El nefasto día de Hiroshima
La historia tiene estas cosas. El mismo día en que se recuerda uno de los mayores crímenes de lesa humanidad, como el cometido con una bomba atómica norteamericana contra Hiroshima en 1945, se confirma que uno de los mayores criminales de la historia uruguaya, el coronel (r) Juan Manuel Cordero Piacentini, será juzgado por sus delitos.
La decisión adoptada ayer por el Supremo Tribunal Federal de Brasil implica que por primera vez un represor uruguayo sea enjuiciado por la justicia federal Argentina, que desde el fin de su dictadura en 1983 ha requerido una y otra vez a los militares uruguayos que secuestraron, torturaron y asesinaron en ese país en los años setenta.
Desde el golpe de Estado de 1973 (sino antes) comenzó a actuar en Argentina en el marco de una primera coordinación represiva entre las dictaduras de la región con la Triple A que encabezaba José López Rega en el régimen institucional que presidió Isabelita Perón hasta marzo de 1976.
Bajo la democracia argentina, torturó a Antonio Viana Acosta en Buenos Aires y probablemente fue uno de los secuestradores del grupo de uruguayos que terminó siendo fusilado en la localidad de Soca en diciembre de 1974. Ya en Uruguay había asesinado bajo tortura a Iván Morales Generali en noviembre de 1973.
Especializado en «inteligencia», se integró a la Oficina Coordinadora de Operaciones Antisubversivas (OCOA) y actuó junto al Servicio de Información y Defensa (SID) en el marco de la coordinación represiva conocida como «Plan Cóndor», por el que la dictadura uruguaya actuó en «el pozo» de Automotores Orletti en Buenos Aires.

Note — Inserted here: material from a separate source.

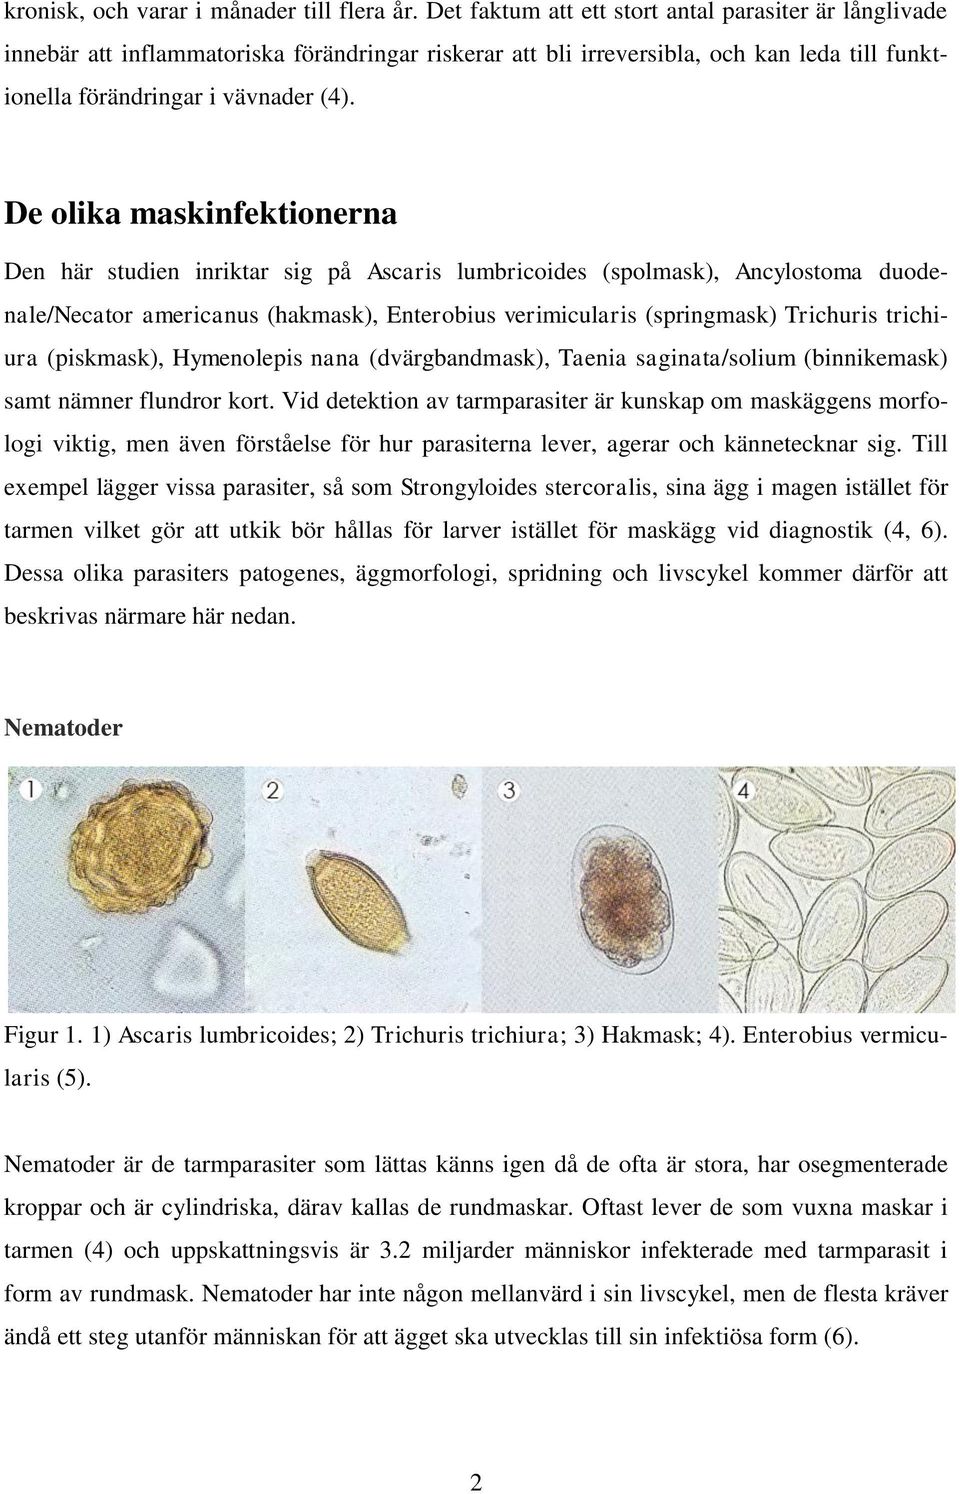 De olika maskinfektionerna Den här studien inriktar sig på Ascaris lumbricoides (spolmask), Ancylostoma duodenale/necator americanus (hakmask), Enterobius verimicularis (springmask) Trichuris

Cordero, con el alias de «303», por ser el tercer mando del centro de torturas «300 Carlos» de la OCOA, fue directo responsable de las torturas y desaparición de Gerardo Gatti y León Duarte, ante quien violó a una compañera por una extorsión de dinero, y del traslado del «segundo vuelo» por el que otros 22 uruguayos fueron desaparecidos.

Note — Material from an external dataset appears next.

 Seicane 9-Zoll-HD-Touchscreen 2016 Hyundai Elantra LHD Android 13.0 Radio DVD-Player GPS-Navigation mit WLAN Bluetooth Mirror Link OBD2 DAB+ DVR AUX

Entre sus múltiples crímenes, se incluye el propio asesinato de los legisladores Zelmar Michelini y Héctor Gutiérrez Ruiz, junto a Rosario Barredo y William Whitelaw, en mayo de 1976, además de la tortura sobre cientos de militantes del Partido Comunista del Uruguay y otras organizaciones opositoras a la dictadura.